WHAT TO WORK ON
Transcribe all data verbatim. Skip the pictures.

DATASET EXCERPT
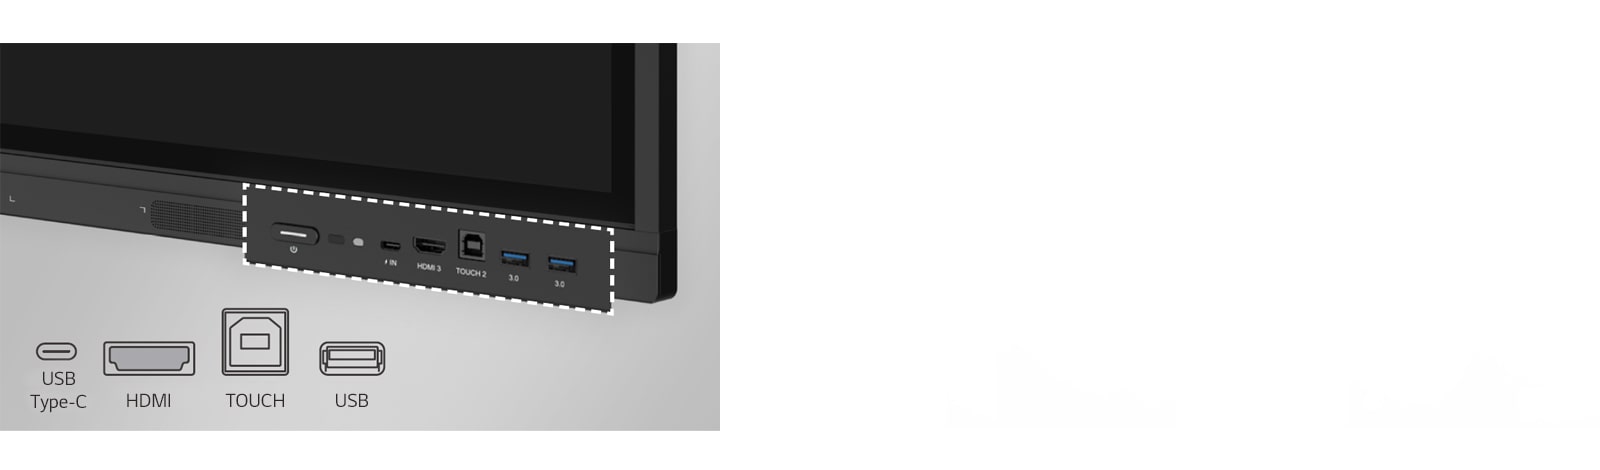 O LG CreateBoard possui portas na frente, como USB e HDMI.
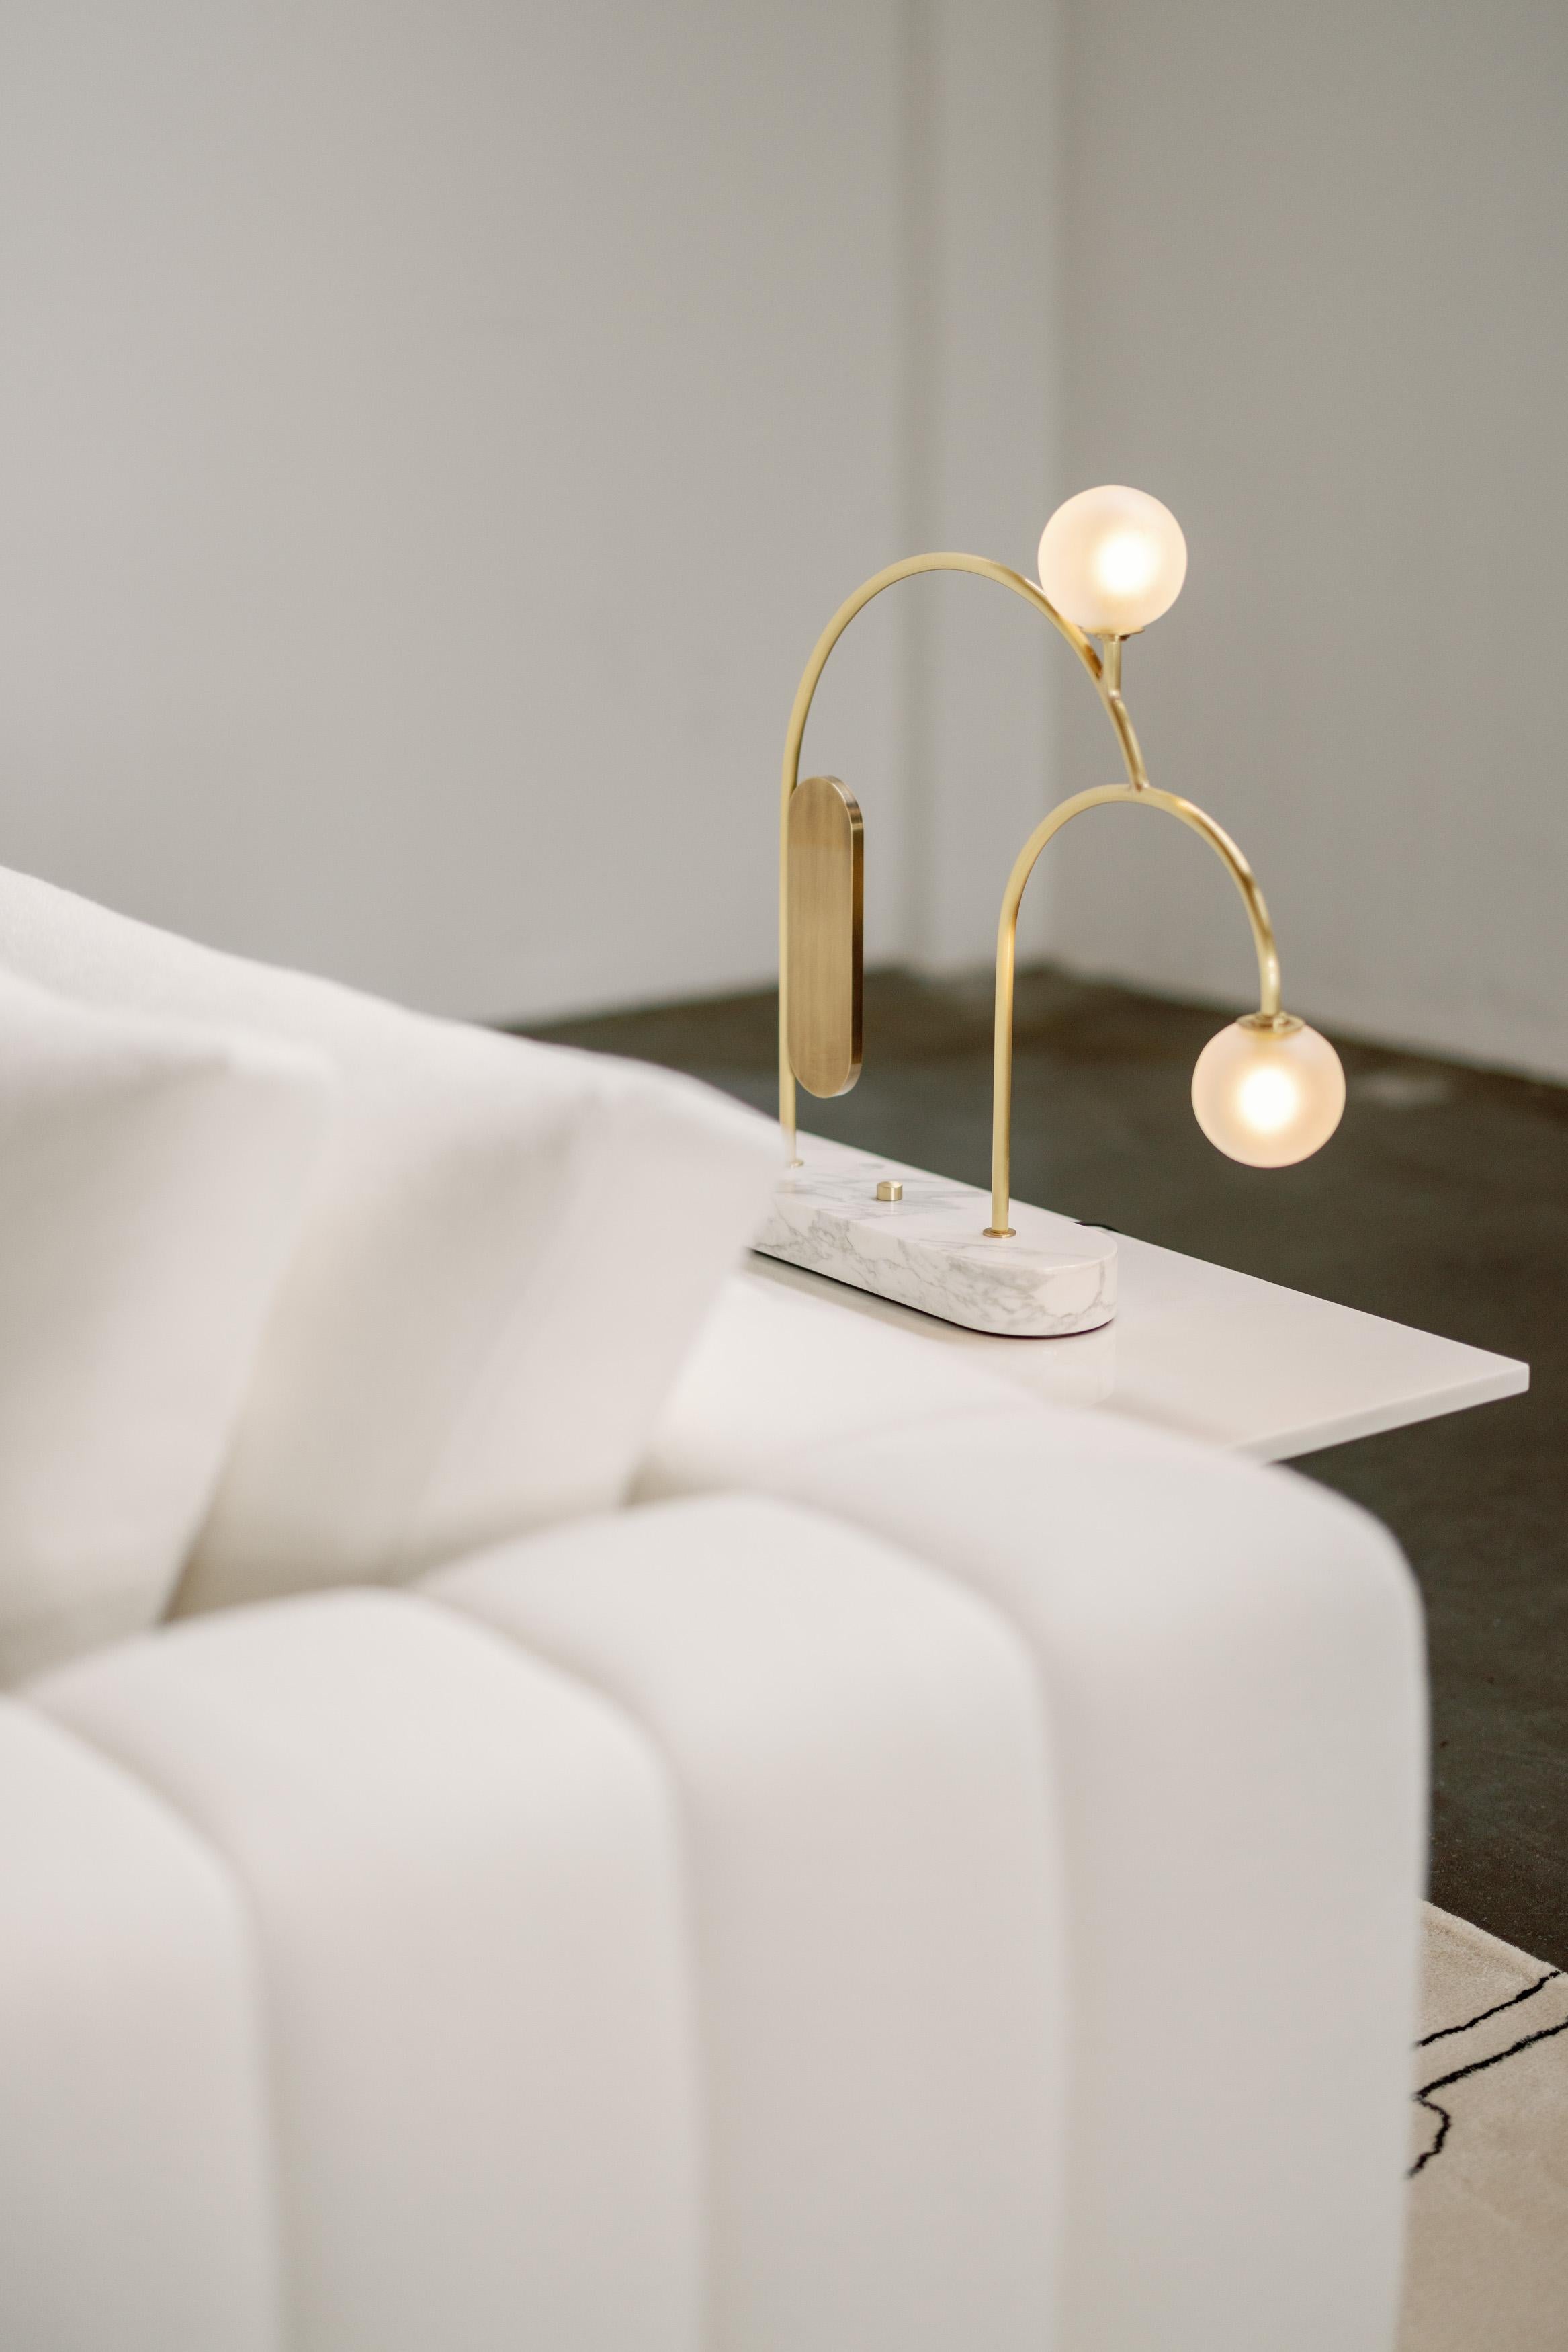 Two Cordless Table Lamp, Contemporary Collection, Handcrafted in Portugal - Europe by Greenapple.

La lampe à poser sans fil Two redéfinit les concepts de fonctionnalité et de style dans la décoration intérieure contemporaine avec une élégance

ANSWER TO THE EXERCISE
 O LG CreateBoard possui portas na frente, como USB e HDMI.
 Two Cordless Table Lamp, Contemporary Collection, Handcrafted in Portugal - Europe by Greenapple.

La lampe à poser sans fil Two redéfinit les concepts de fonctionnalité et de style dans la décoration intérieure contemporaine avec une élégance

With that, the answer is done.